Qatari banks plan to borrow more than $6 billion to finance a construction boom ahead of the 2022 soccer World Cup amid slumping oil prices.
Shareholders in Al Khaliji Commercial Bank approved a $2.5 billion bond programme on February 25, and QNB said on March 17 it arranged a $3 billion loan. Qatar International Islamic Bank (QIIB) may issue sukuk, or Islamic bonds, it said on February 19. Government deposits at Qatar’s banks more than tripled in the five years ended February 2014 before declining 4% the following year, central bank data show.
Qatar, a member of the Organisation of Petroleum Exporting Countries, is spending $182 billion, or 90% of its 2013 gross domestic product, on roads, stadiums and other facilities by 2019 to play host to the World Cup. Banks will probably boost lending to $239bn in 2018 to cater to a population that grew 9.5% last year, according to a QNB report in February.
“The halving of oil has reduced government deposits, yet expectations of a significant increase in future credit demand has meant Qatari banks are seeking to raise debt,” Akber Khan, director of asset management at Al Rayan Investment, said in e- mailed comments on Monday. “Banks need to go to bond markets.”
Lenders in the Gulf Co-operation Council have raised $7.2 billion through bond sales this year, up from $3 billion a year earlier, according to data compiled by Bloomberg. Atiq Ur Rehman, Citigroup Inc’s chief executive officer for the Middle East and North Africa, said in an April 7 interview that he expects “debt capital market and syndicated loan activity to be better this year.”
The average yield on bonds sold by Middle Eastern borrowers declined 21 basis points this year to 4.13%, according to JPMorgan Chase & Co’s indexes. The yield on Qatar Islamic Bank sukuk maturing in 2017 is down 45 basis points in the period. The bank said on January 18 it may issue another sukuk, and Masraf Al Rayan said it too is considering Islamic bonds.
Fitch Ratings upgraded seven Qatari banks in March on an “expectation of support from the Qatari authorities for domestic banks in case of need,” the agency said. The Qatar Investment Authority, the country’s sovereign wealth fund, has acquired stakes ranging from 17% to 50% in each of the eight banks listed on the Doha stock exchange, according to bourse data.
“Banks could be more active in issuance this year as we expect some relative weakness in local deposit markets in the Gulf region” and a “slight increase in cost of deposits,” F Timucin Engin, director of ratings for financial institutions at Standard & Poor’s Ratings Services, said on Monday in e-mailed comments.
Uncertainty about the degree of government support for banks is a concern for some investors, Fahmi Alghussein, chief executive officer of Amwal, an asset manager, said on Monday by phone. This uncertainty, coupled with a lack of standard rules and regulations for sukuk issues, have hindered the growth of debt markets in the region, he said.

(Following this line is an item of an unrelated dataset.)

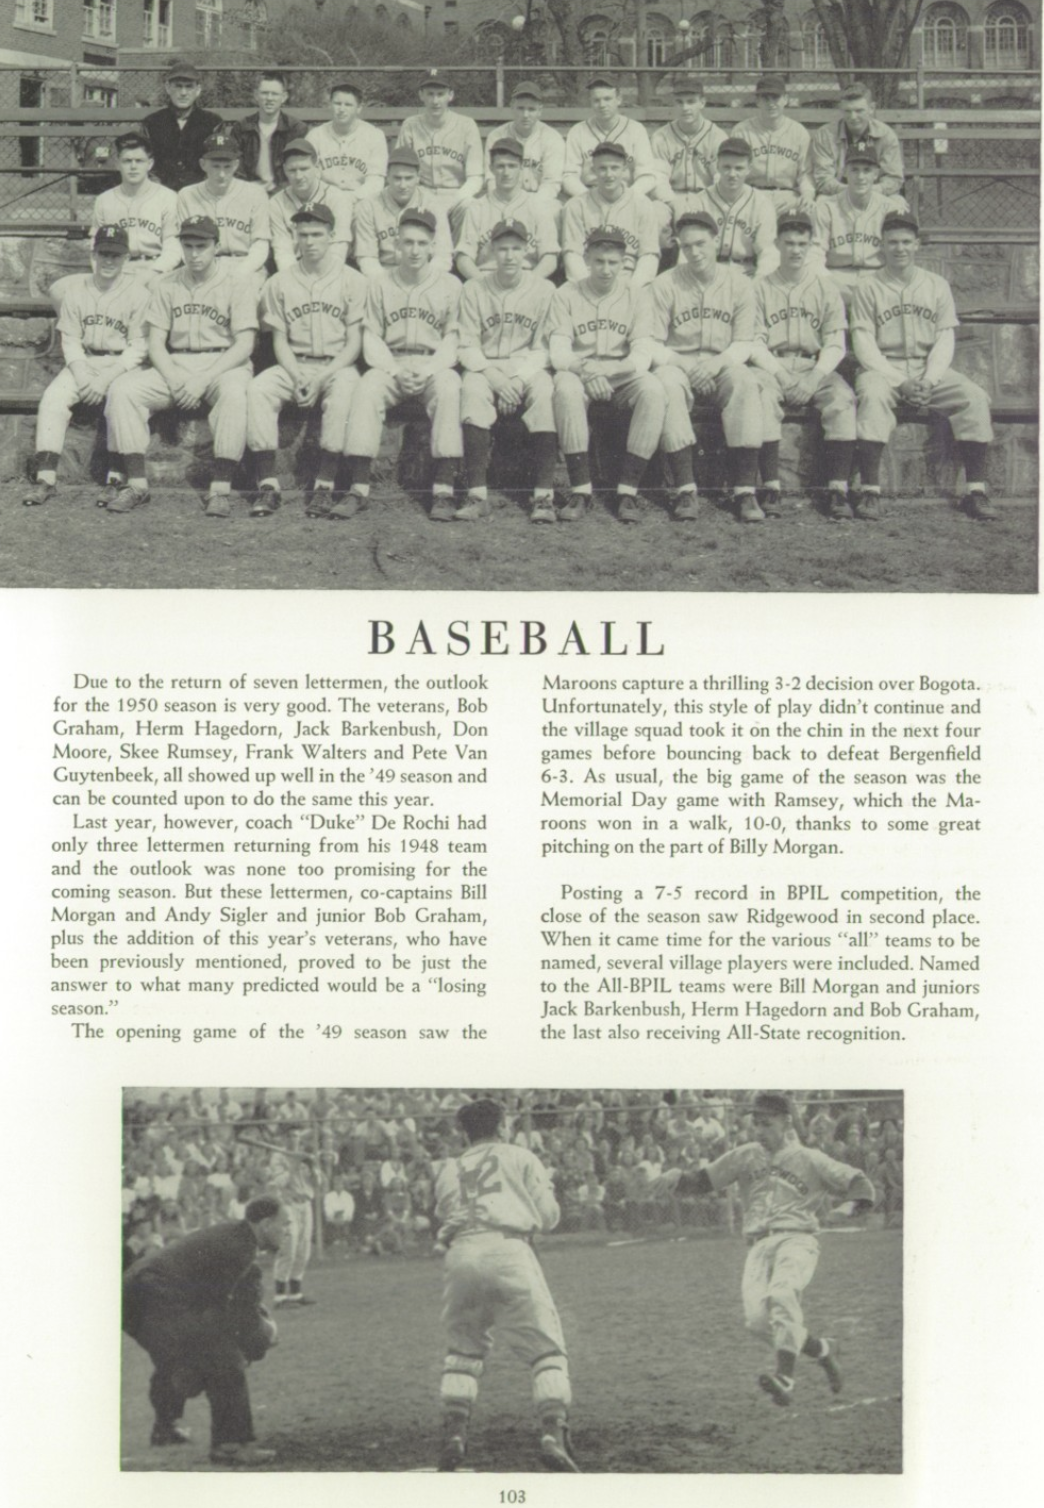 1950 Boys’ Baseball Team

“If we’ve learned anything from the financial crisis, it’s that there is a difference between implicit and explicit sovereign guarantees,” Alghussein said. “Unless it’s explicit, buyer beware.”
Government deposits at Qatar banks fell as crude tumbled by almost half since last year’s June peak. Qatar, the world’s largest exporter of liquefied natural gas, has faced a comparable decline in gas prices over the same period.
Borrowing costs may rise this year if the US Federal Reserve raises its benchmark rate. A majority of economists in an April 3-9 Bloomberg survey forecast the first rate increase at the Fed’s September meeting.
“Qatari banks are viewed as safe-haven assets,” Ataf Ahmed, head of asset management at Doha-based QInvest, said on Monday by e-mail. QInvest is “likely to hold some Qatari bank sukuk as a defensive measure in our client portfolios and funds” and sees a potential increase in interest rates as the main risk to the Islamic bonds, he said.